SOURCE MATERIAL:
_ _ _
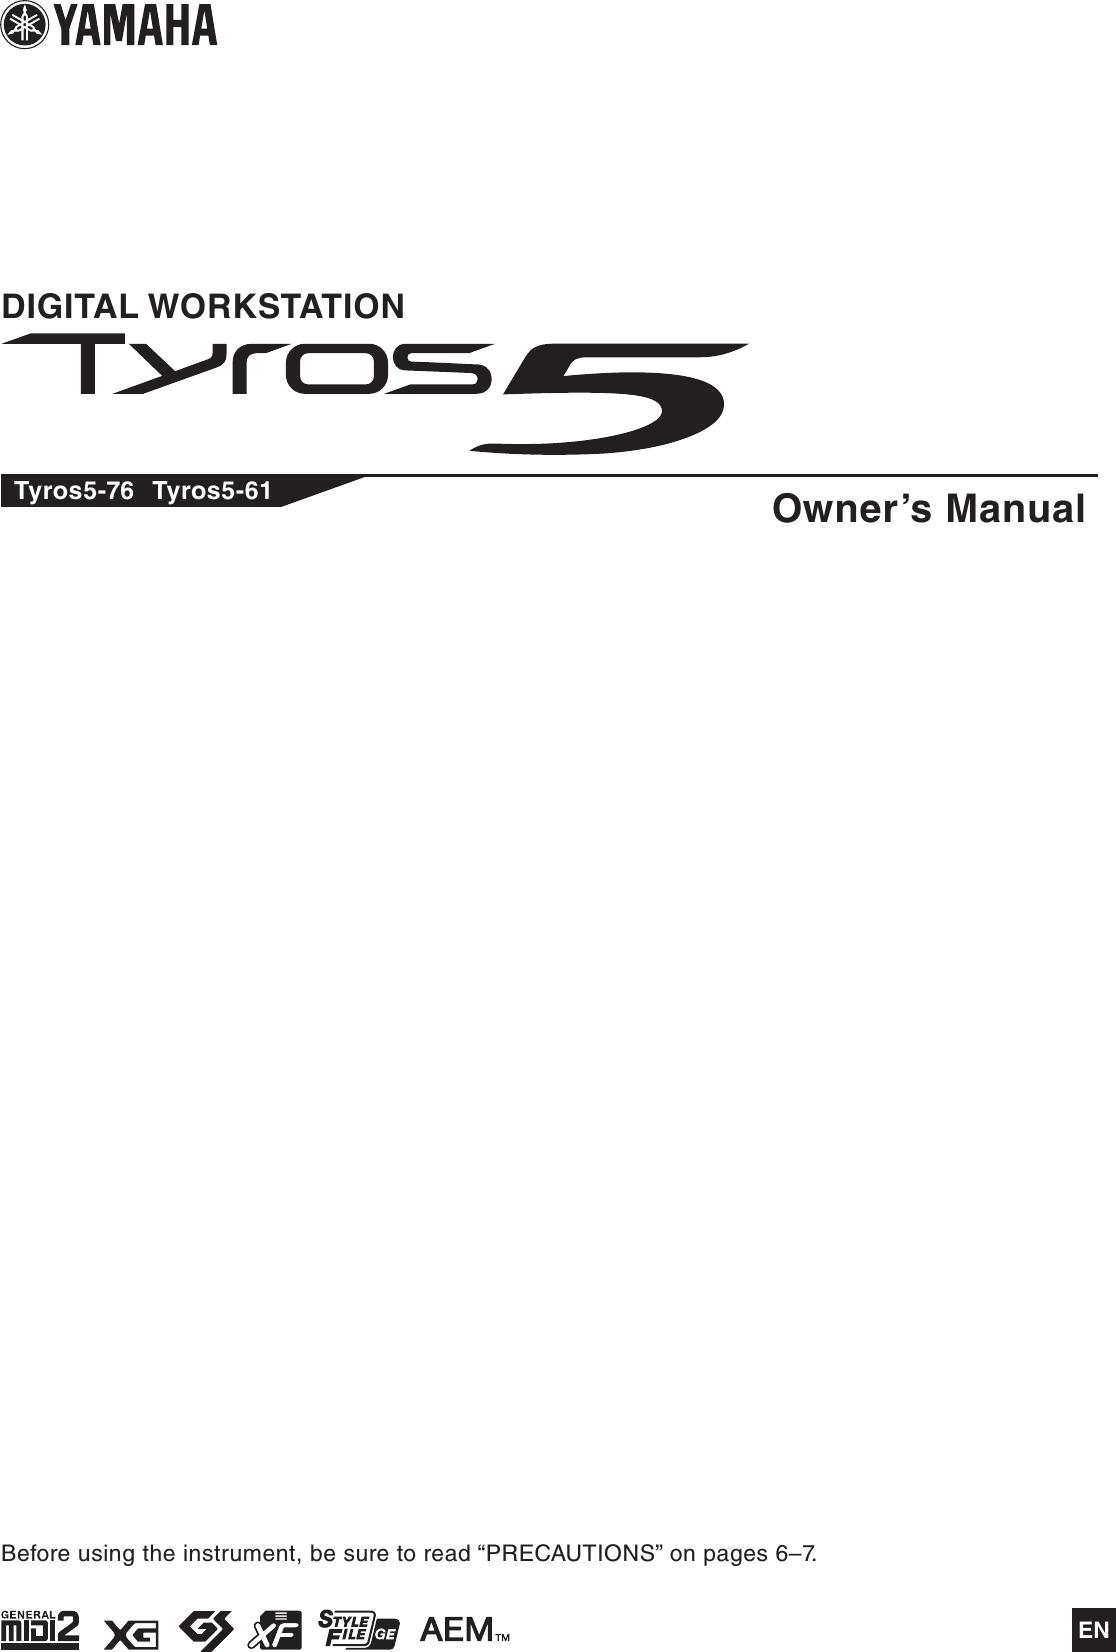 Yamaha Tyros5 Owner's Manual Owner's En Om A0
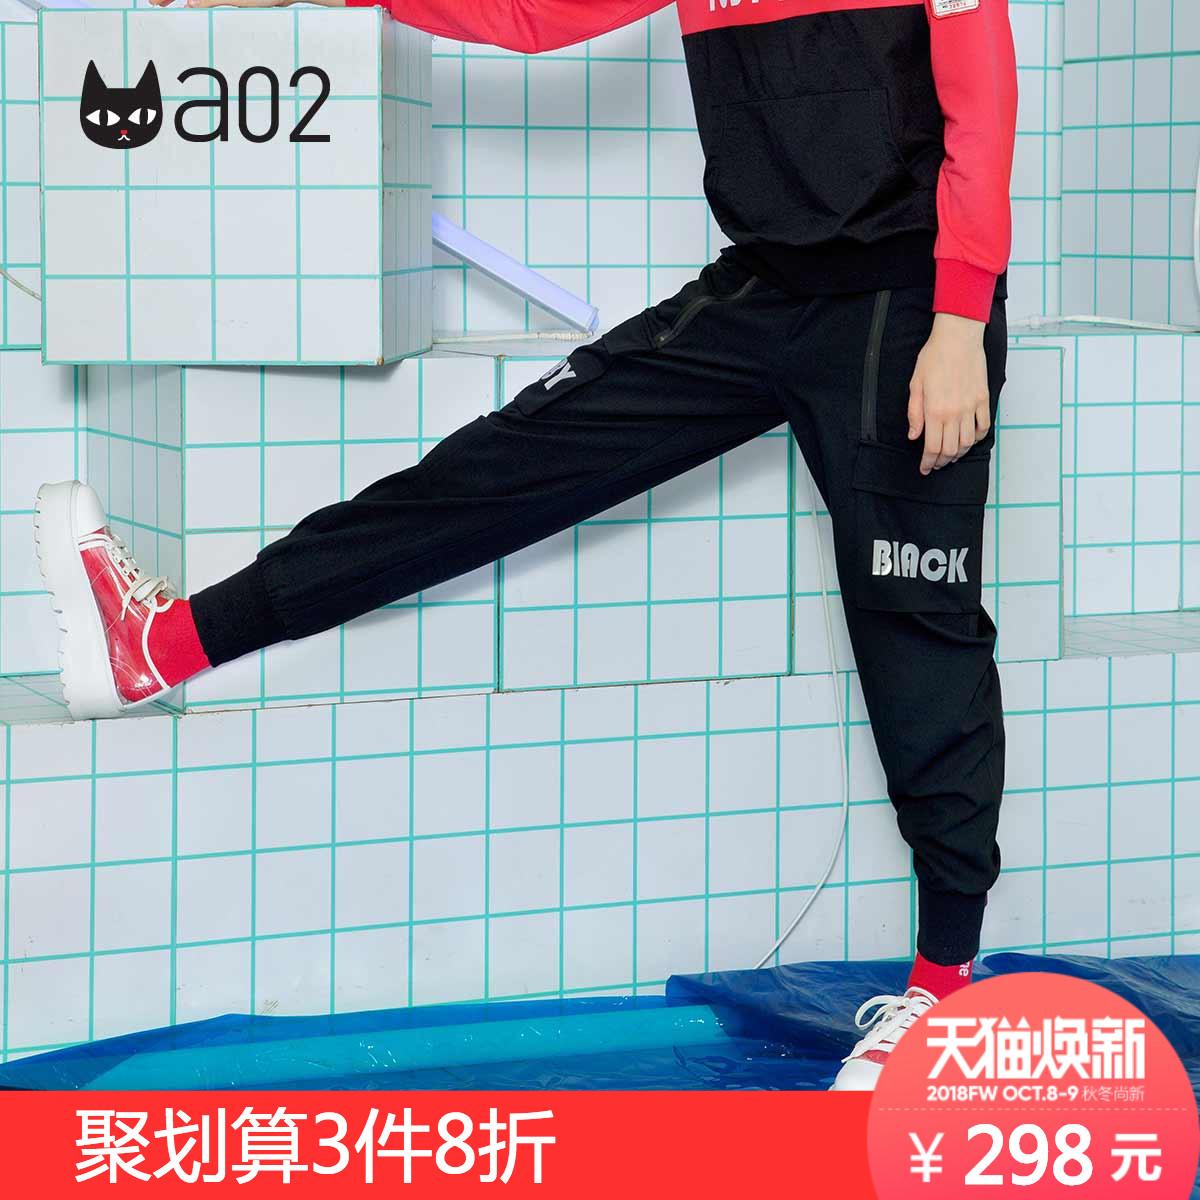 a02新款2018韩版黑色大码裤子束脚宽松休闲运动裤女DTT5A0071PN
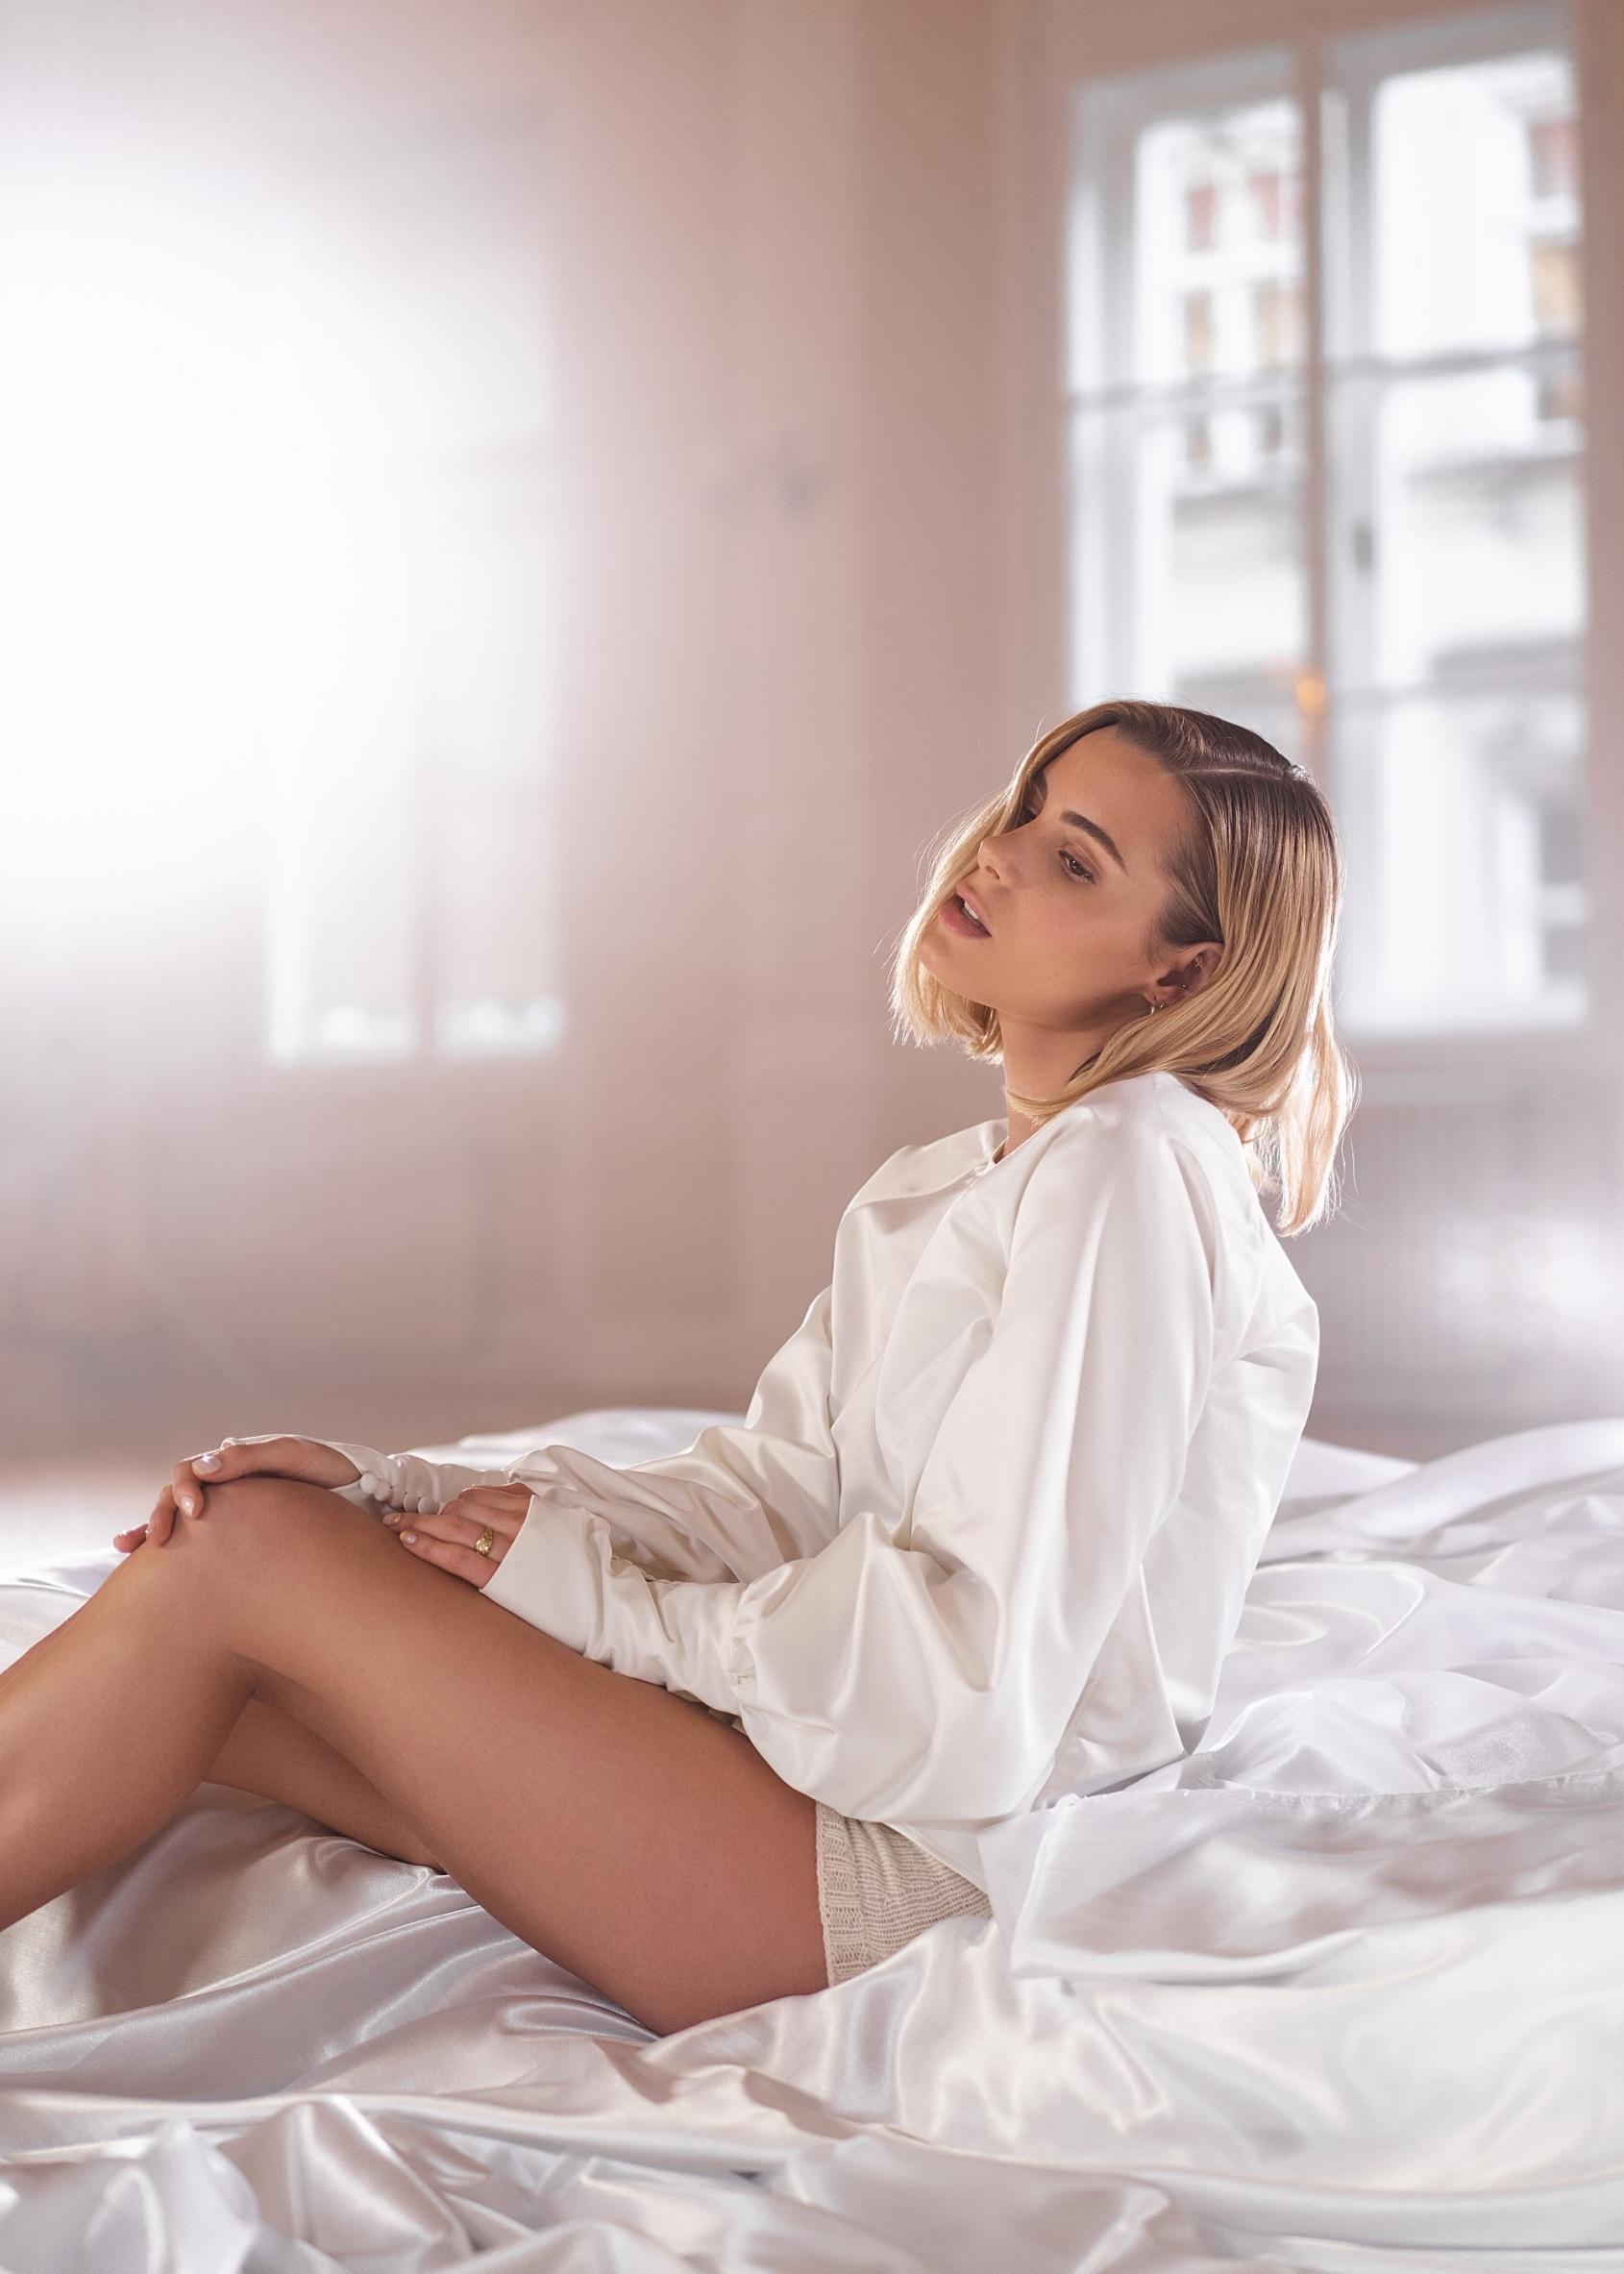 Nika_Turkovic_Raj-PetraMiksik (35)nova
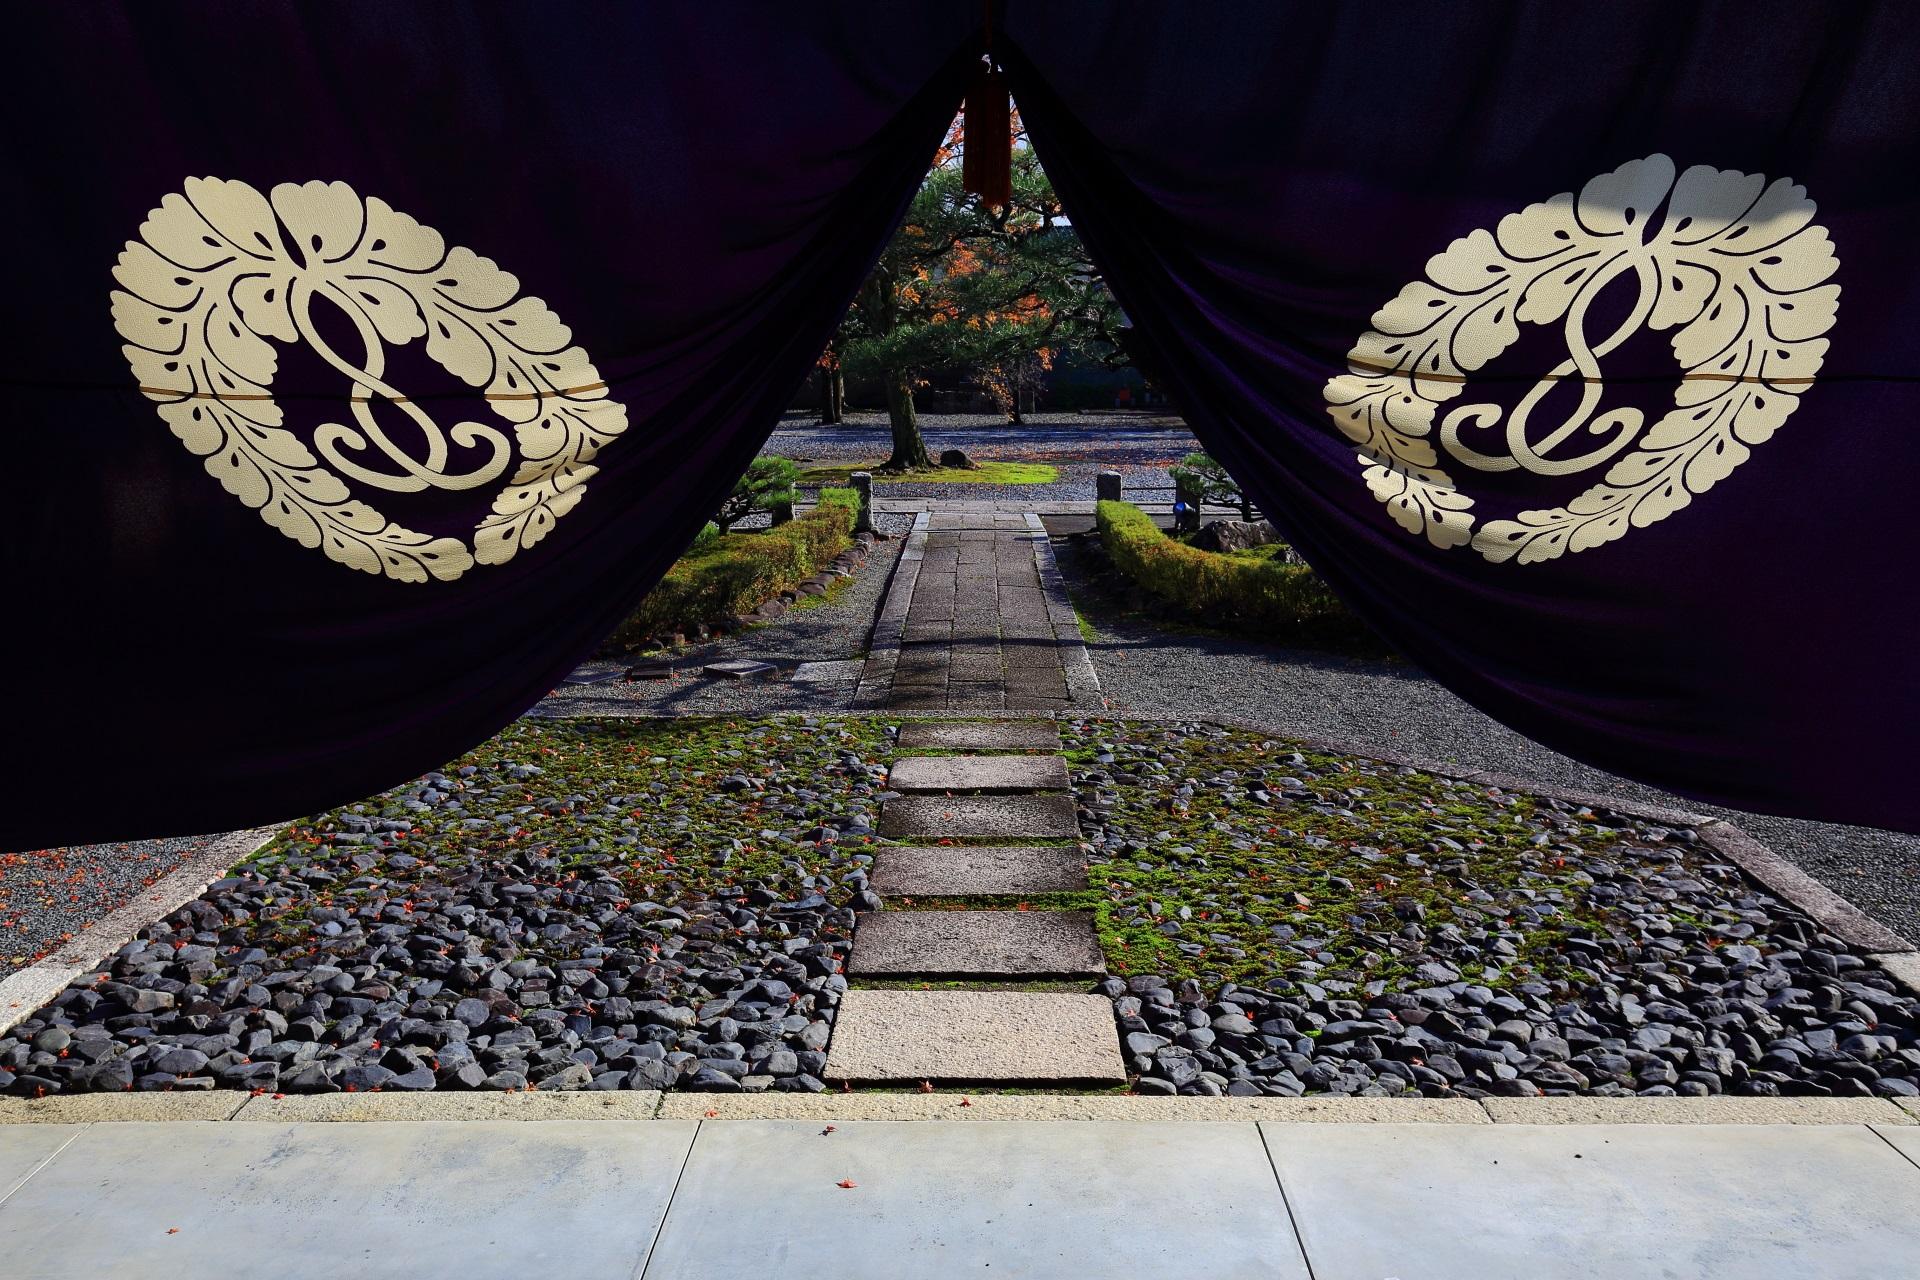 妙覚寺の玄関から眺めた参道
_ _ _
EXERCISE DESCRIPTION: Print all of the material exactly. Omit pictures.

OUTPUT BELOW:
 Yamaha Tyros5 Owner's Manual Owner's En Om A0
 a02新款2018韩版黑色大码裤子束脚宽松休闲运动裤女DTT5A0071PN
 Nika_Turkovic_Raj-PetraMiksik (35)nova
 妙覚寺の玄関から眺めた参道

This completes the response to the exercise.